**** Dataset content

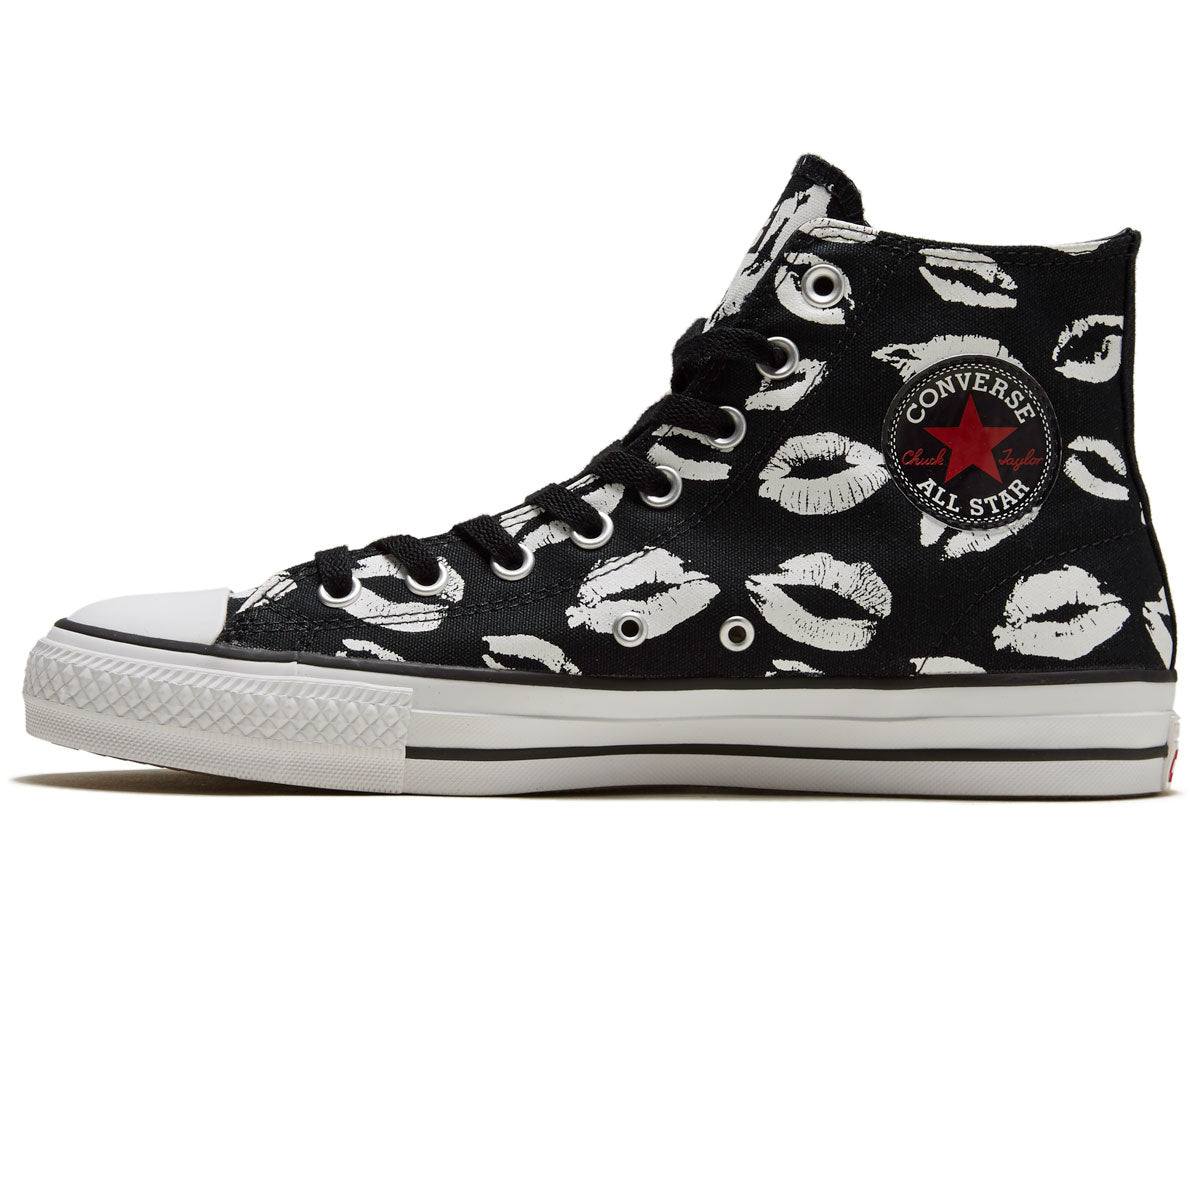 Converse Chuck Taylor All Star Pro Lips Hi Shoes - Black/White/Red – CCS
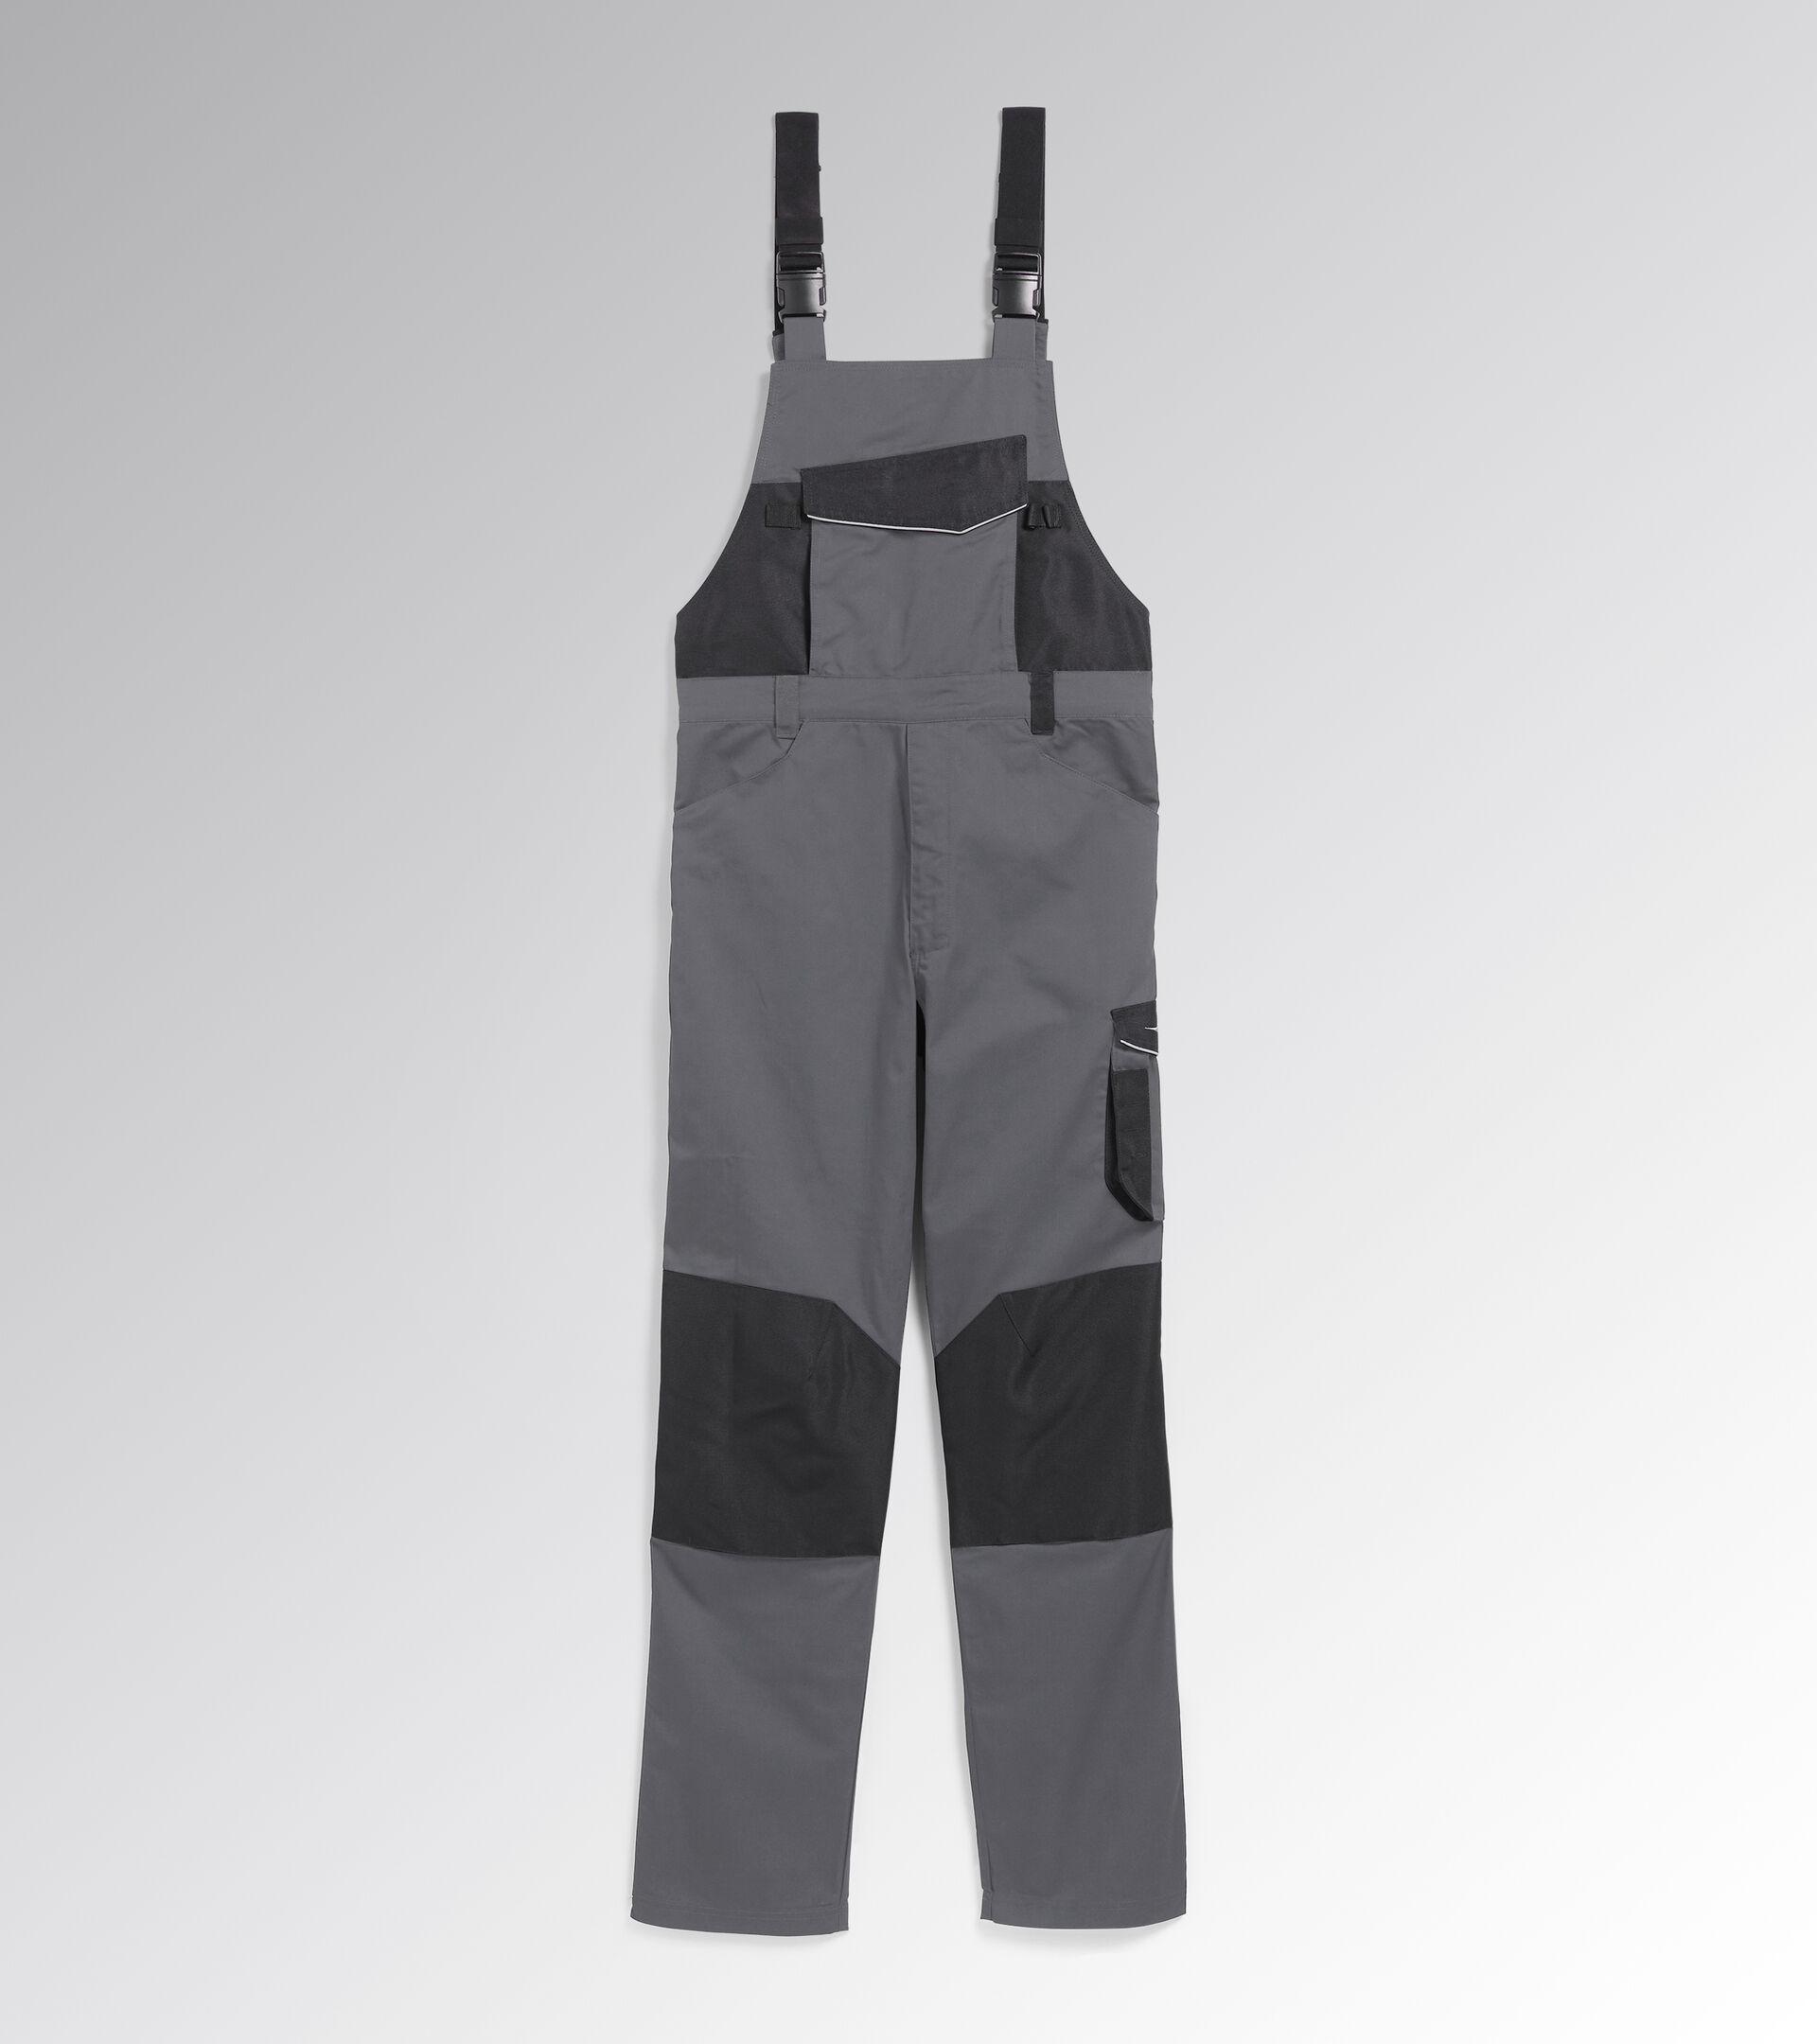 Work coveralls BIB OVERALL POLY STEEL GRAY - Utility
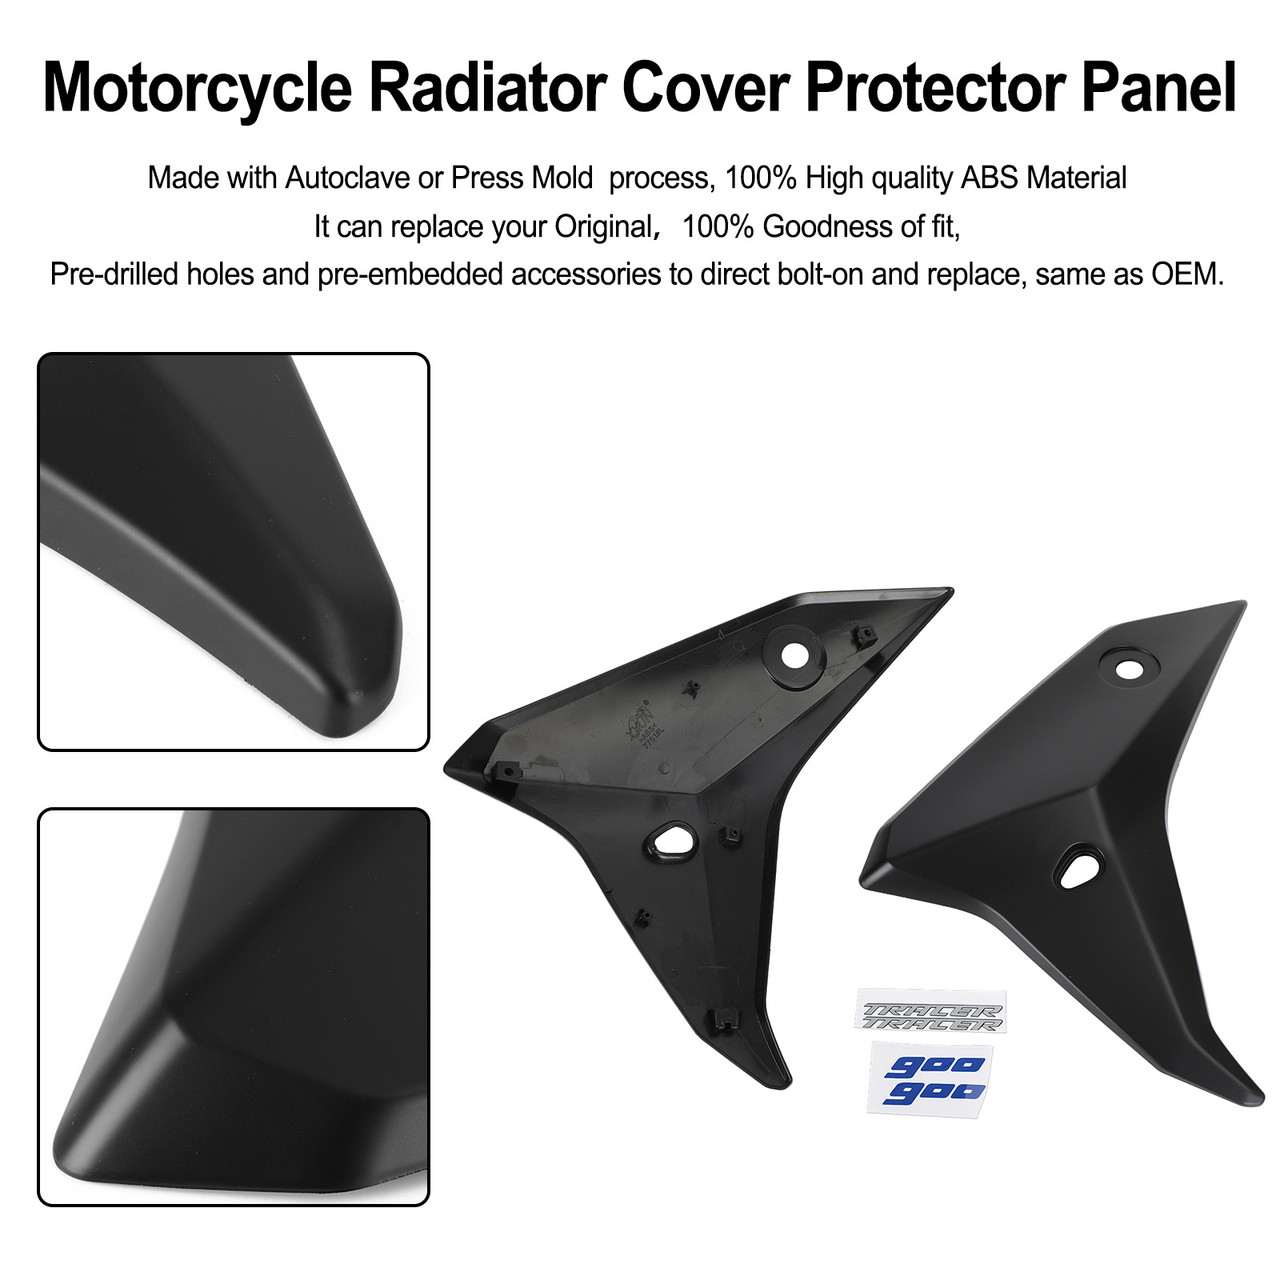 Motorcycle Radiator Cover Protector Panel fit for YAMAHA tracer 900 GT 2018-2020 Black

********

▶ **Work instructions**:
Output all the data, exactly, without images.

▶ **Finished task**:
 Converse Chuck Taylor All Star Pro Lips Hi Shoes - Black/White/Red – CCS
 Work coveralls BIB OVERALL POLY STEEL GRAY - Utility
 Motorcycle Radiator Cover Protector Panel fit for YAMAHA tracer 900 GT 2018-2020 Black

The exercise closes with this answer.